This is Part 1 from the series of posts dedicated to Abto DevOps engineers’ experience with building secure, reliable and scalable microservices-based architecture – in this case, for the FinTech industry.
The idea of the project was to build an Artificial Intelligence-based customer service automation solution for the client that works in the fintech domain. The project processes a big amount of sensitive data, which is why the security aspect was very important during project development and further support.

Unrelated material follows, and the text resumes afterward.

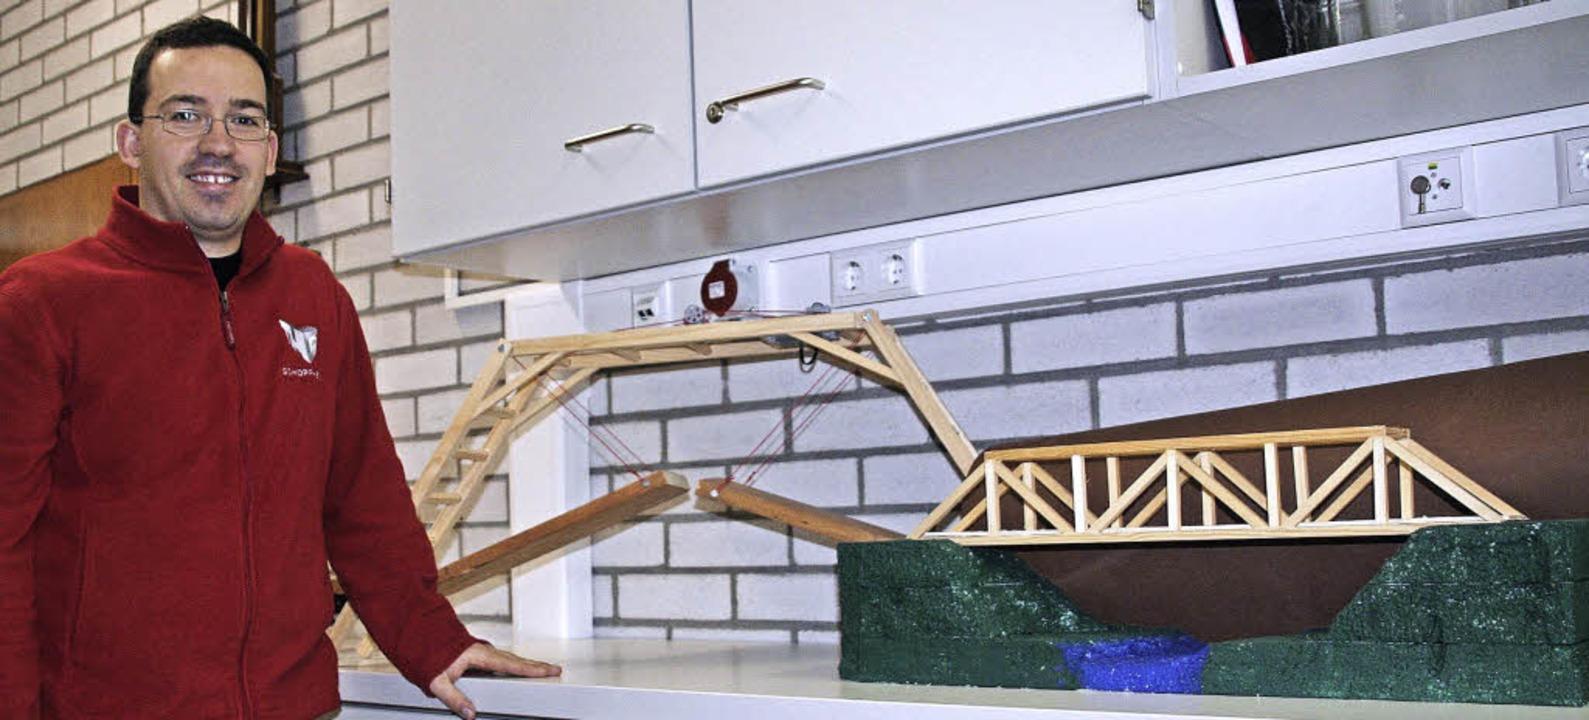 Brückenbauer: Lehrer Christian Jost ve...reits im Unterricht entstanden sind.      Foto: Marlies Jung-Knoblich/Privat

The main goal is to process data from a few third-parties and store it to the other remote service. It adds additional difficulties to the task of building a secure and reliable communication between all the involved sides.
Project requirements overview
We faced the following key requirements for the DevOps team:
- system should run code written in several different programming languages;
- system should be able to securely connect to external back-office software systems;
- the system should automatically scale to be able to handle increasing loads;
- a big emphasis on the whole project’s security:
- application-level security;
- request filtering;
- secured development and production environments;
- secured communication;
- patch management;
- continuous security monitoring.
- development environment set up and application deployment should be as automated and easy as possible.
Based on that, we decided to base our architecture on the following:
- microservice architecture;
- each service should be isolated in a docker container;
- container are run using a containers orchestration tool (Kubernetes);
- the system will be deployed on AWS cloud.
High-level work overview
Each microservice is the smallest block of the system furthermore it serves the single feature only. To isolate it we packed all the microservices into separate Docker containers. It provides an ability to have a microservice’s template called Docker image and deploy as many instances as we need. Images are stored in Docker Container Registry that must be accessible for developers and/or CI/CD tools to deploy new images, and from the machines where docker instances are going to be hosted to download the required image.
The microservice can have a different loading at different periods or the whole system state. That is why each microservice must be scalable independently, which requires it to be stateless – do not store any data inside the container. The best way to overcome it is to use some central storage or database that is accessible for all the instances of the microservice at the same time if needed.
We can make as many microservices as we need to prepare a complex solution that covers all project functional requirements. The only obligation is to follow the architecture.
To manage it we selected the next toolset provided by Amazon Web Services (AWS):
- AWS Elastic Container Registry (ECR) – Docker container registry provides an ability to store our microservices’ docker images. It is accessible for developers, CI/CD tools, and Kubernetes cluster that gets images to run the container instances based on it.
- AWS Elastic Kubernetes Service (EKS) – management Kubernetes cluster service with high integration with AWS services. The base cluster includes master nodes only – the ones that are used for cluster management and do not run any workloads. Worker nodes should be requested additionally in the desired amount. They can be added or removed automatically – it is a way how we scale the cluster.
- AWS Application Load Balancer (ALB) – high available powerful load balancer service that provides advanced filtering and routing options because it works on the seventh level of the OSI model. It supports integration with additional security tools like AWS Web Application Firewall, etc.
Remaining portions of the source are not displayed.